Return the stretch from the line with "日本の5分の1!? セネガルの相場と通貨" through the line with "ETEKCITY EL11 Báscula" in the data below, character for character, skipping all pictures.

• EXTRACTED RECORDS
*** Begin section ***

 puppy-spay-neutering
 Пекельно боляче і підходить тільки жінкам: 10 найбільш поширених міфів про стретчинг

*** End section ***
*** Begin section ***

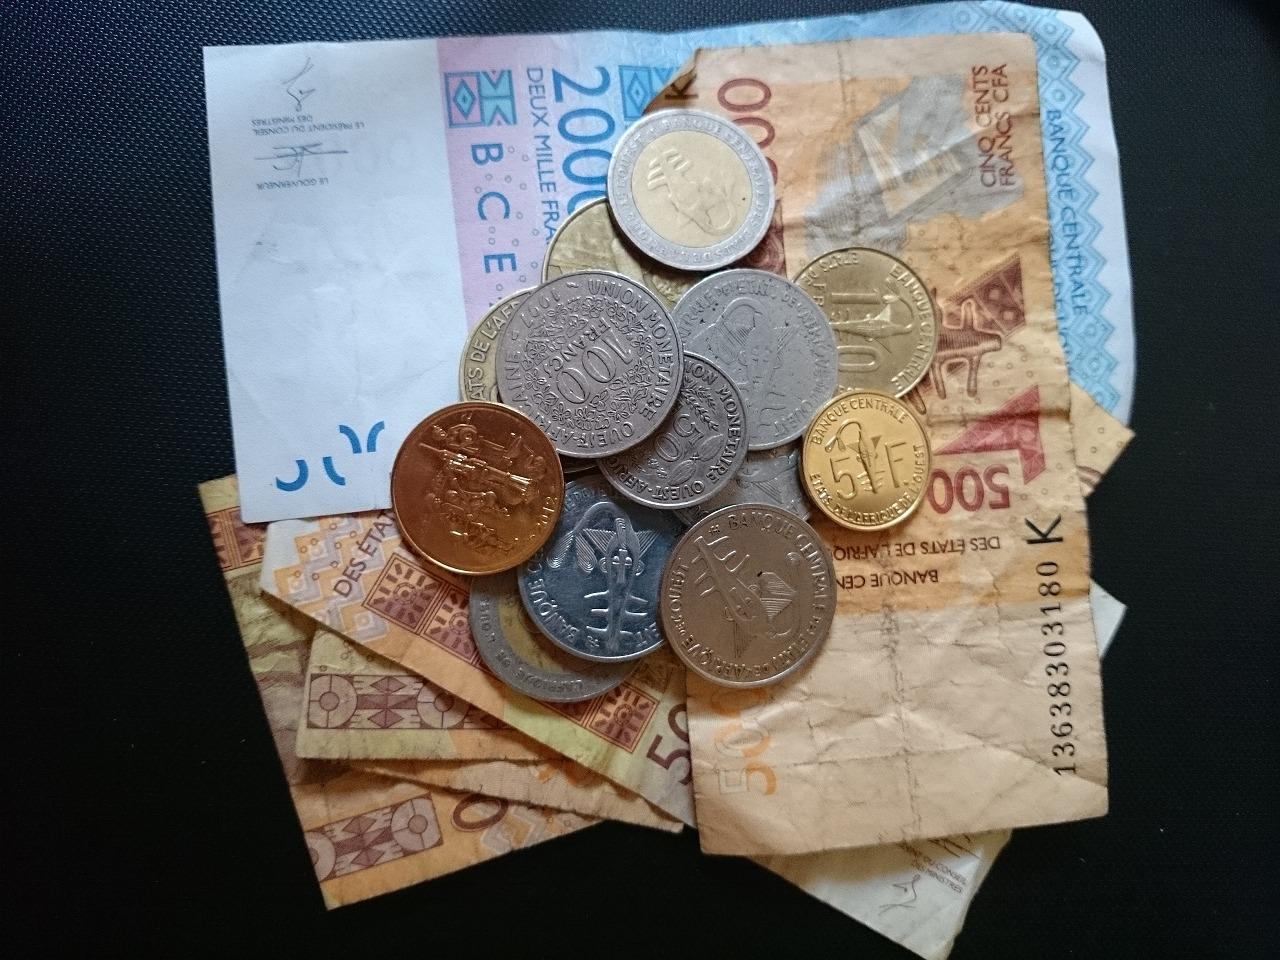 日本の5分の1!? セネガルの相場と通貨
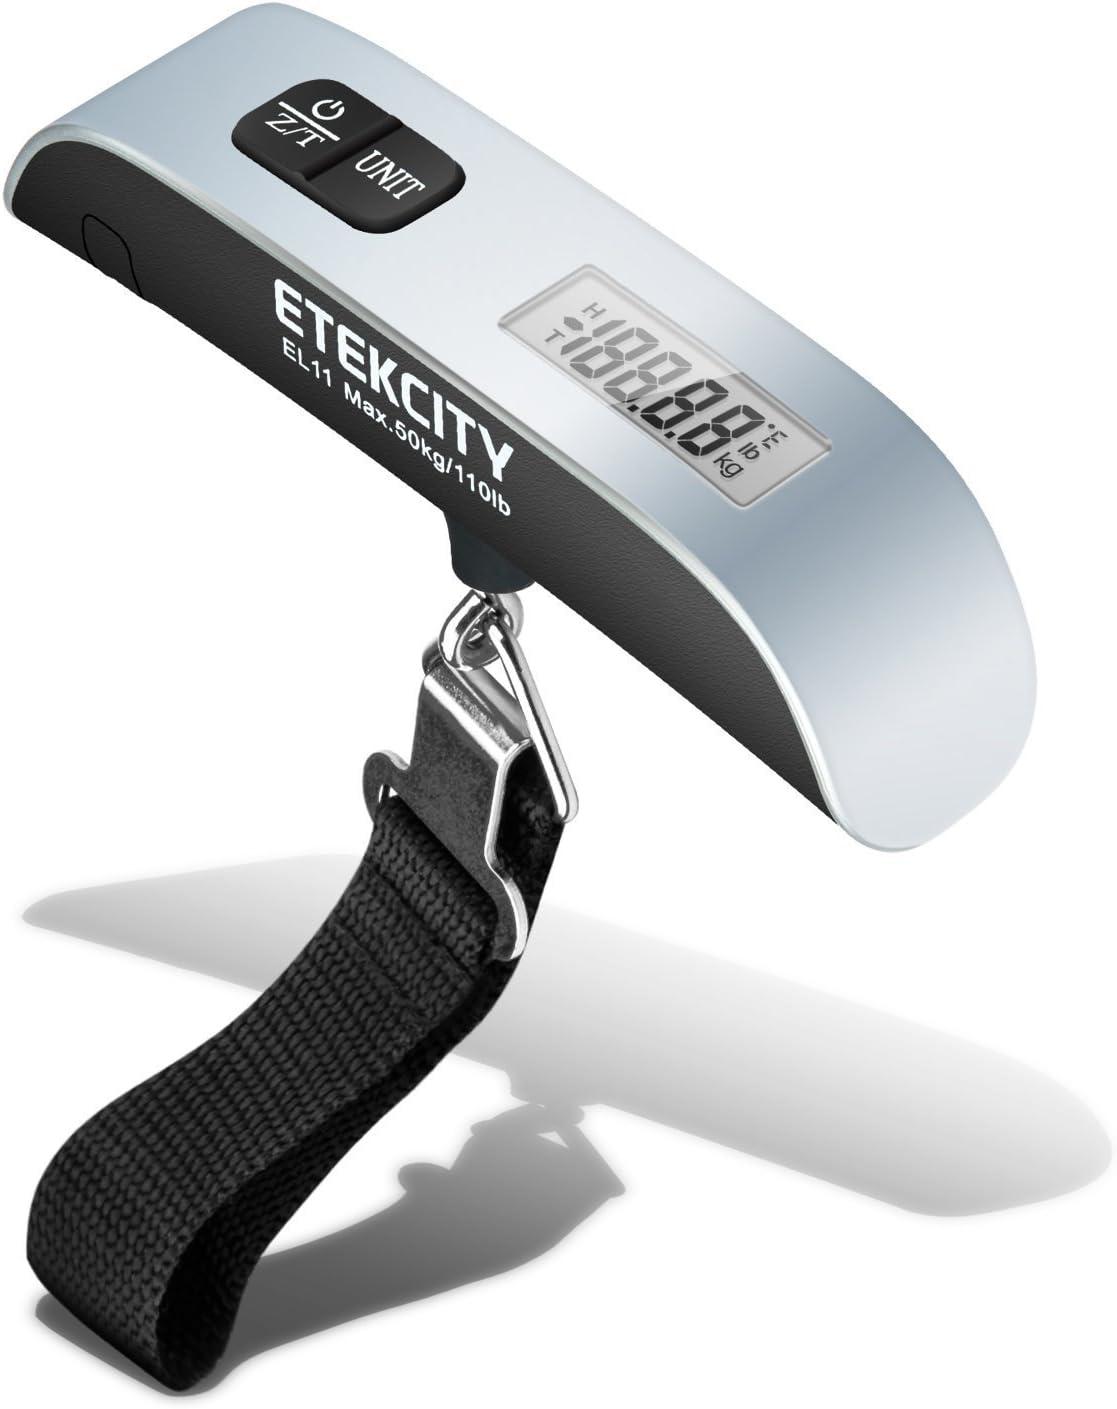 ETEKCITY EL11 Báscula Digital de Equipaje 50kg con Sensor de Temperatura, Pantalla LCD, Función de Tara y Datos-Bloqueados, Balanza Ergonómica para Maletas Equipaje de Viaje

*** End section ***

• ANSWER BELOW
 日本の5分の1!? セネガルの相場と通貨
 ETEKCITY EL11 Báscula Digital de Equipaje 50kg con Sensor de Temperatura, Pantalla LCD, Función de Tara y Datos-Bloqueados, Balanza Ergonómica para Maletas Equipaje de Viaje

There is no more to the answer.